The Nodding syndrome cerebrospinal fluid proteome: a lens into neurodevelopmental failure consistent with environmentally triggered MECP2 dysregulation?

INTRODUCTION: Nodding Syndrome (NS) is a childhood-onset epileptic encephalopathy of unknown etiology, occurring in clustered outbreaks across East Africa. Despite extensive investigation, its molecular underpinnings remain unresolved. METHODS: We performed an 18-plex tandem mass tag (TMT)-based quantitative proteomic analysis of immunodepleted cerebrospinal fluid (CSF) from Ugandan NS patients (n = 9) and age-comparable Ugandan Controls (n = 9). Differential protein abundance and pathway-level enrichment analyses were conducted to identify dysregulated molecular networks. RESULTS: A total of 2,195 CSF proteins were quantified, of which 544 showed statistically significant differential abundance. Dysregulated pathways spanned immune signaling, proteostasis, synaptic function, metabolism, transcriptional regulation, neurovascular integrity, and tau-associated processes. Notably, the NS CSF proteomic profile showed substantial pathway-level convergence with that reported in MECP2 duplication syndrome (MDS), an X-linked neurodevelopmental disorder marked by MECP2 overexpression and systemic immune-metabolic dysfunction. Clinically, NS shares features with both MDS and its mechanistic converse, Rett syndrome, characterized by MECP2 loss-of-function.

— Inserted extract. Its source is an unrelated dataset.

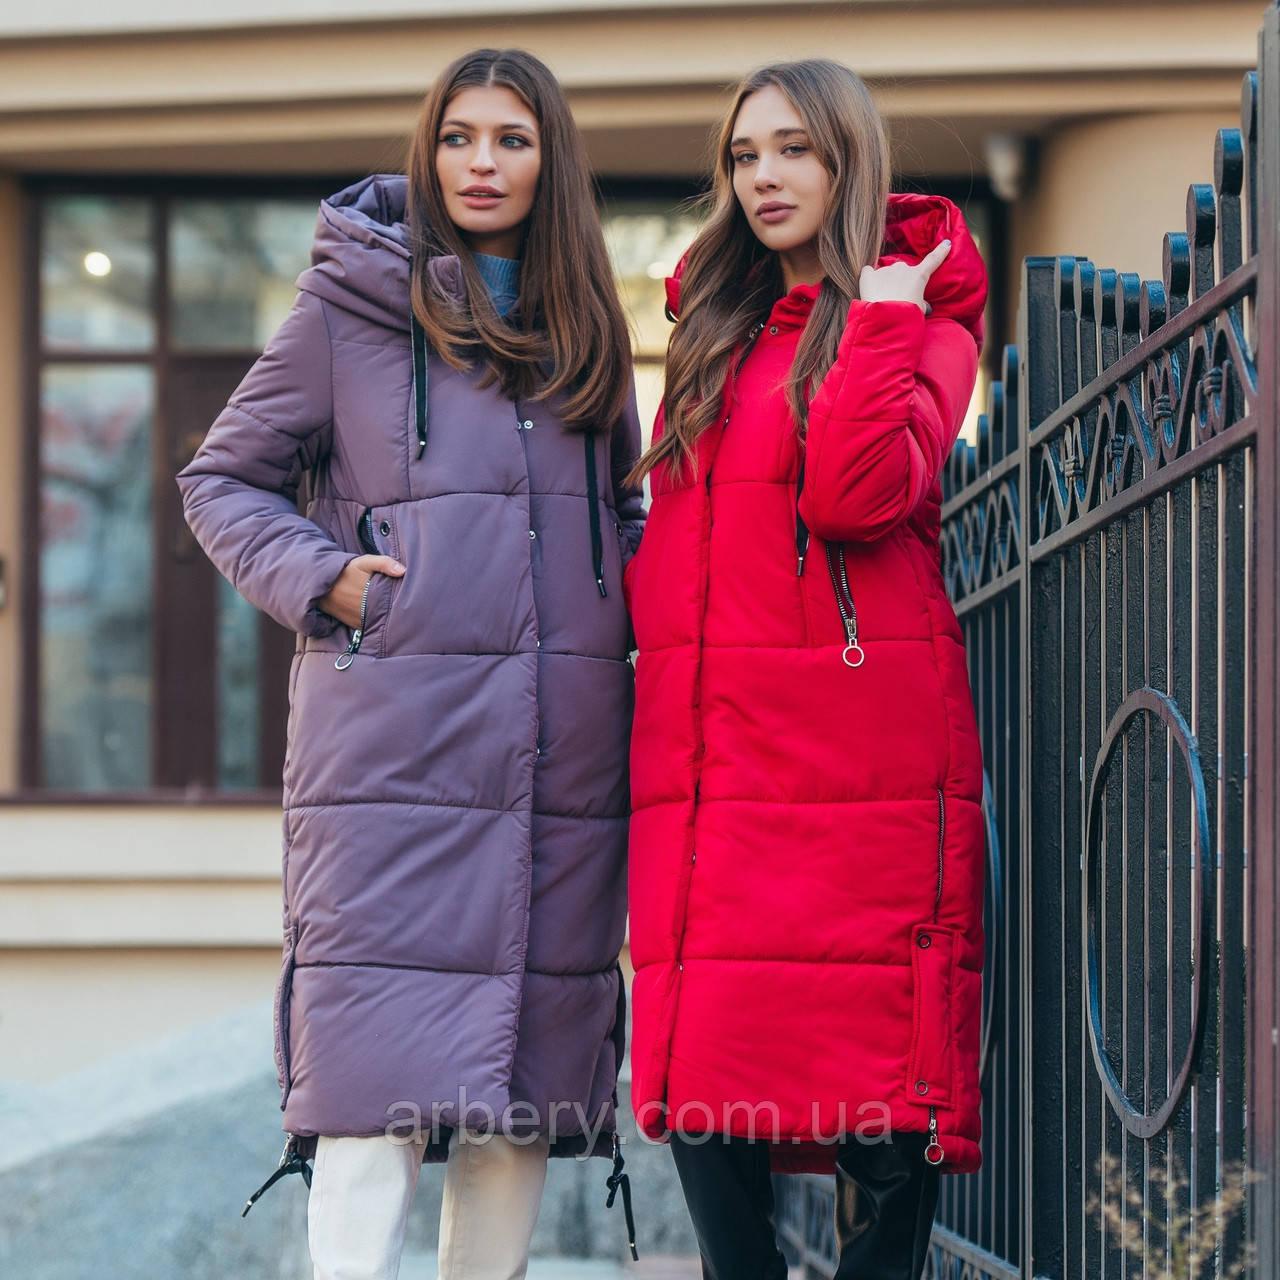 Женская зимняя куртка-пальто на пуху

DISCUSSION: These convergent molecular and clinical signatures suggest that NS may involve aberrant regulation of MECP2-associated networks. We propose a provisional model in which NS represents an environmentally induced functional phenocopy of MECP2 network dysregulation, shaped by early-life immune and epigenetic perturbations and amplified by postnatal environmental stressors. Although direct epigenetic data and detailed exposure histories are currently limited, this integrative framework provides a testable model linking proteomic alterations and clinical observations to neurodevelopmental and immune-metabolic mechanisms, offering tractable directions for future mechanistic and therapeutic inquiry.